Hierta was born to a noble family – the Hierta family – in Uppsala, Sweden, as the son of Carl Didrik Hierta and Hedvig Johanna Schméer. He received his primary education at a private school and began his studies at Uppsala University in 1814, where he earned a Doctor of Philosophy and a Candidate of Law in 1821. In the same year, he was employed as an unpaid trainee at the central government agency Bergskollegium, where he was promoted as a law clerk in 1825.

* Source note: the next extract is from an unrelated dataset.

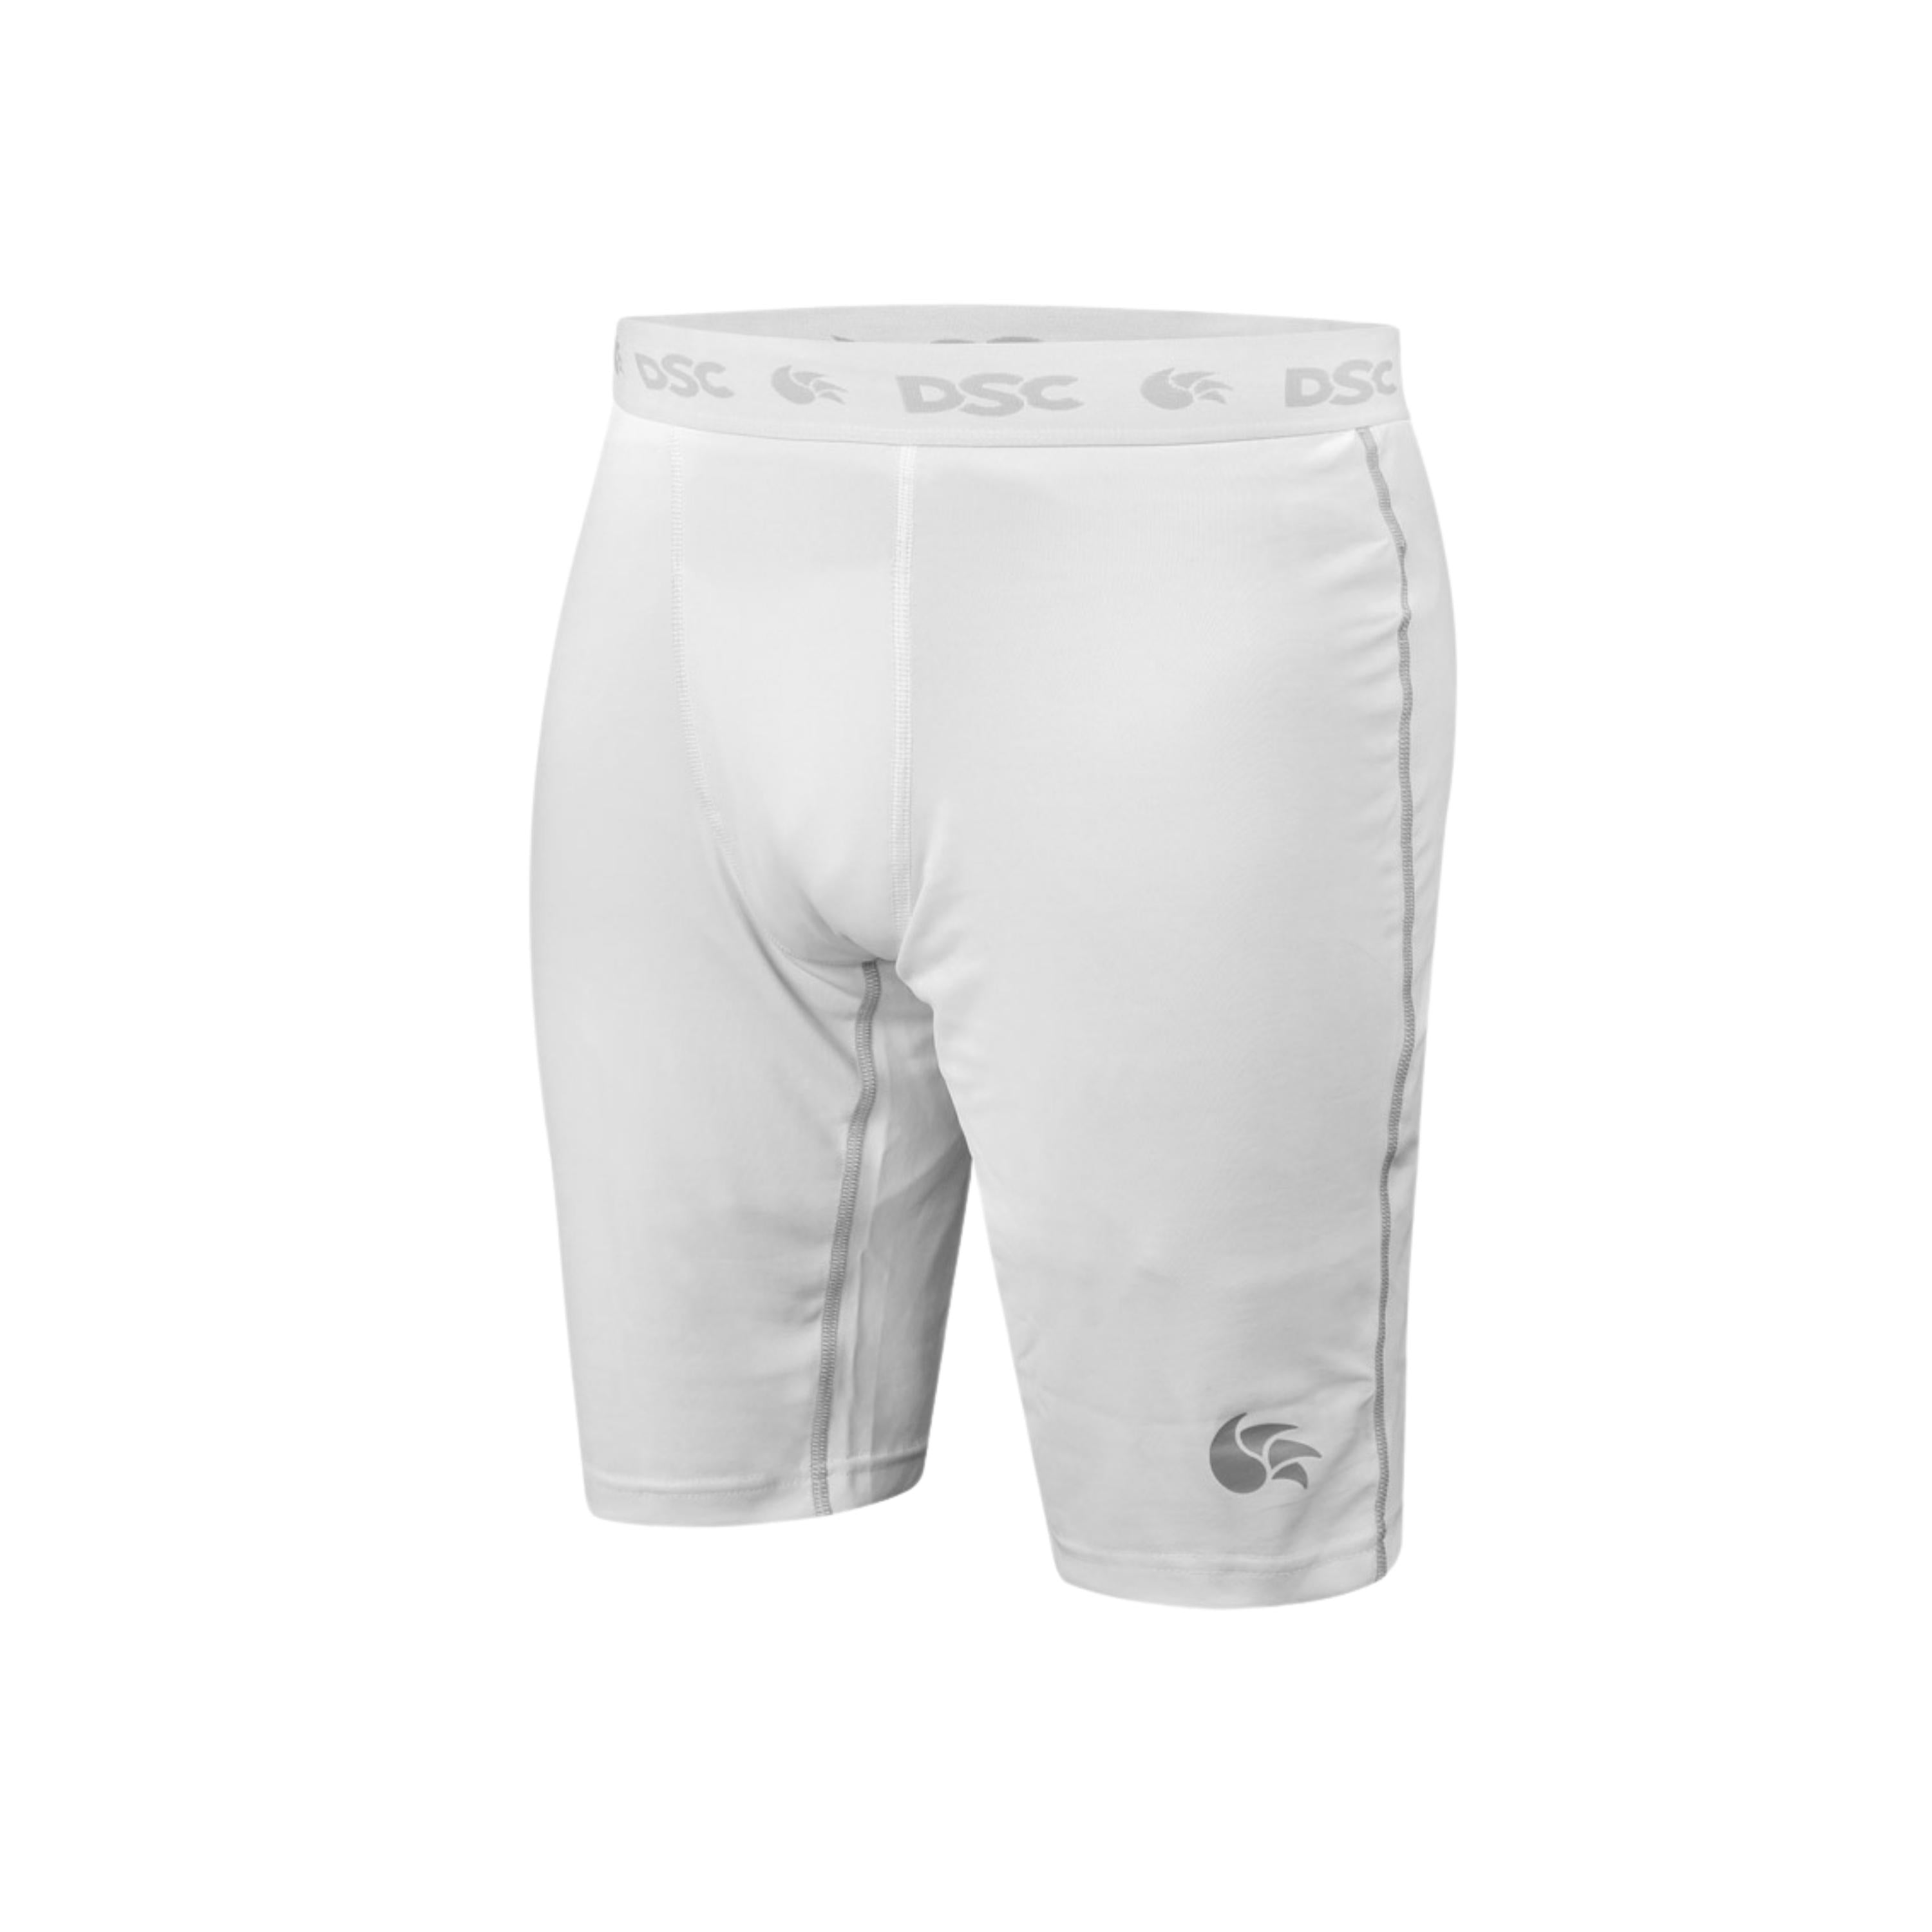 046 | DSC Compression Half Thigh White Shorts

In the mid-1820s, Hierta met Wilhelmina Fröding, his future wife. Although her family rejected his initial marriage proposal, they married in 1833 and together had five daughters.

At the Riksdag of the Estates of 1823, Hierta served as a secretary at the Swedish House of Lords. At the following Estates Assembly, from 1828 to 1830, he was a representative of the nobility and also served as a law clerk. In the Riksdag, Hierta aligned himself with the liberal opposition critical of the conservative rule of King Charles XIV John.

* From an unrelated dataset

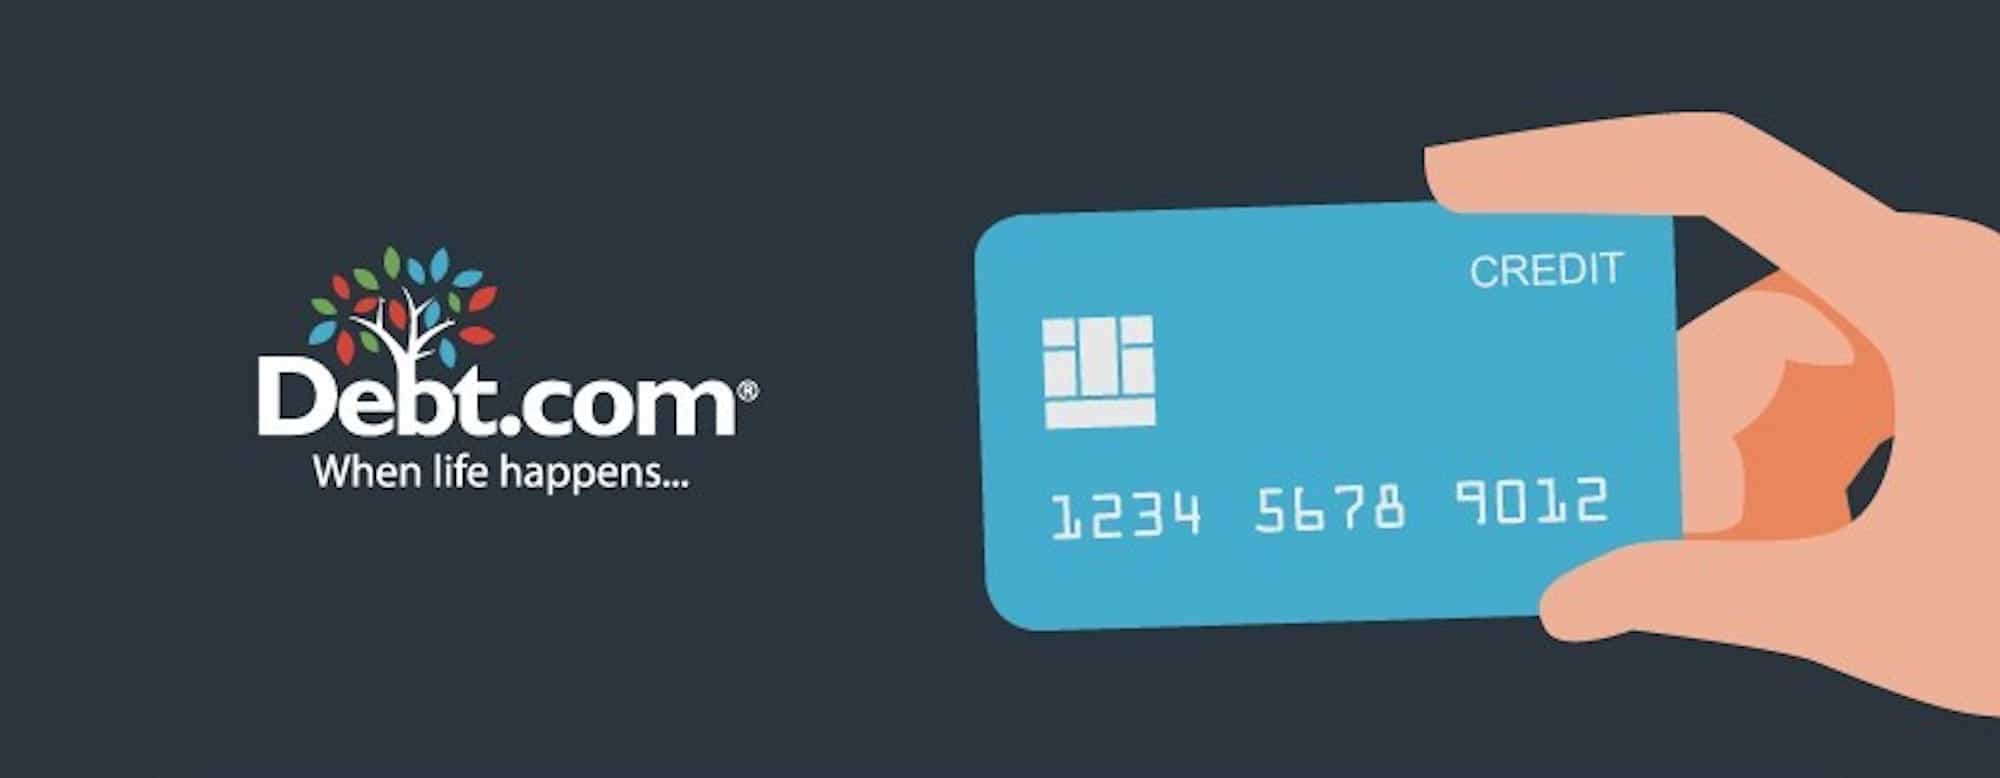 Debt.com credit card survey

Hierta started writing for Conservationsbladet in 1823. He also wrote for the papers Argus from 1824 to 1826 and, sporadically, Stockholmsposten from 1826 to 1828. He started writing as a humourist, later as a news writer and political editorialist.

In 1829, Hierta started the book publishing house Hiertas bokförlag ("Hierta's Publishing House").

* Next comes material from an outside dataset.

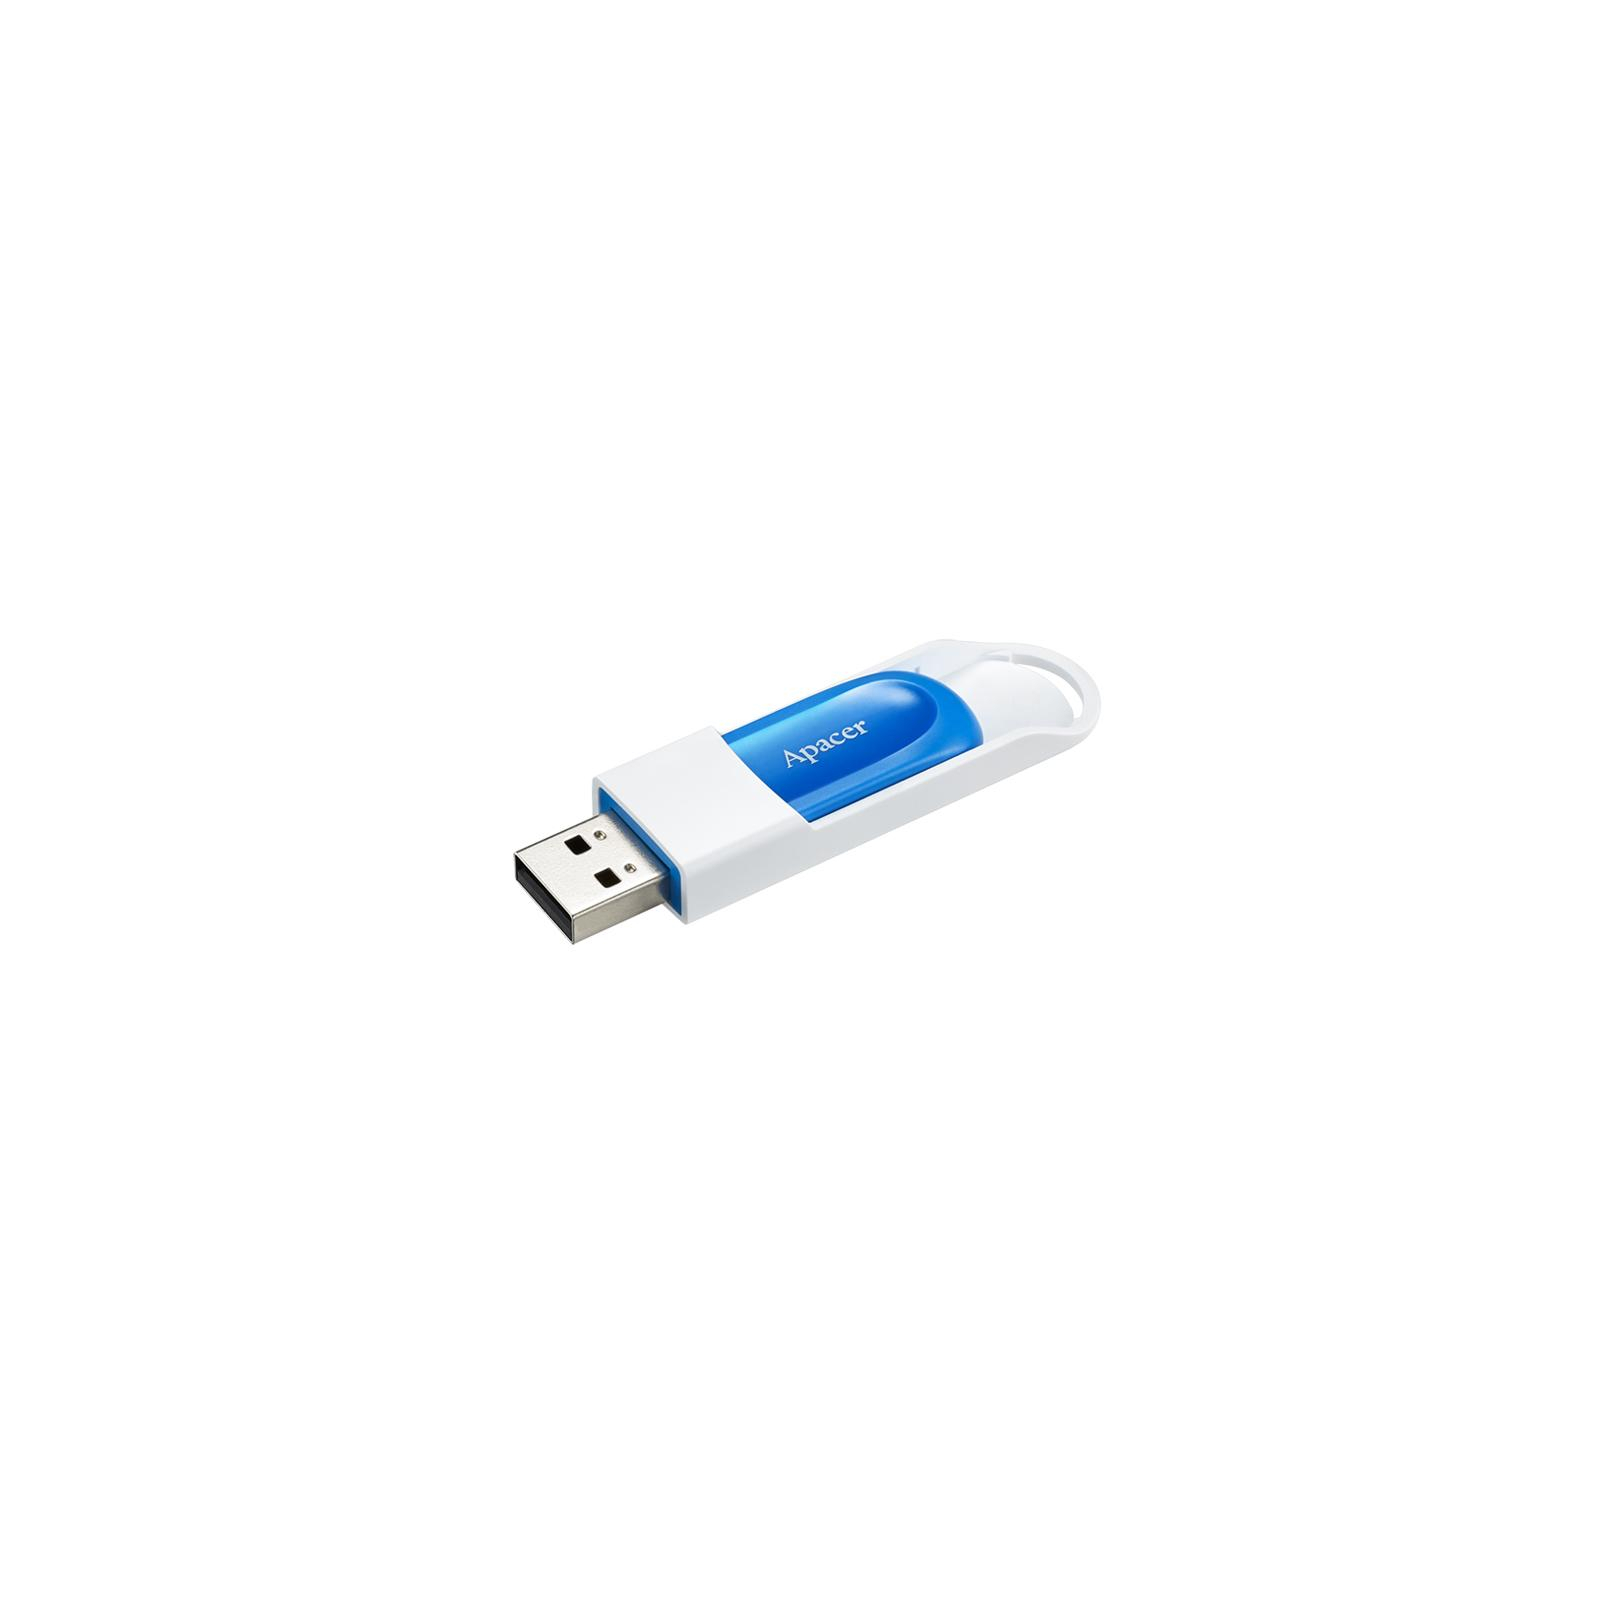 USB флеш накопитель Apacer 16GB AH23A White USB 2.0 (AP16GAH23AW-1) изображение 3

In 1830, Hierta founded the Aftonbladet newspaper, where he advocated for a republic (though without using the word "republic"), which is sometimes seen as the start of the Swedish republican movement. The newspaper was banned many times, but published under a new name each time.

In 1839 Lars Johan Hierta founded a candle factory still active today by the name of Liljeholmens Stearinfabriks AB.

Soon after 1840, Aftonbladet hired Swedish writer and feminist Wendela Hebbe (1808–1899), who became the first permanently-employed woman journalist at a Swedish newspaper. Hierta and Hebbe later had a son together. Both Hierta and Hebbe were socially active for liberal causes.

At the time of his death in Stockholm, Hierta was one of the wealthiest persons in Sweden. After his death, his widow Wilhelmina Fröding Hierta donated 100,000 SEK to Stockholm University for the establishment of a professorship in economics, and later 400,000 SEK to the foundation Lars Hiertas minne ("Lars Hierta's Memory") whose mission was to "work freely and independently for human progress" (fritt och oberoende verka för det mänskliga framåtskridandet). He is buried in Norra begravningsplatsen.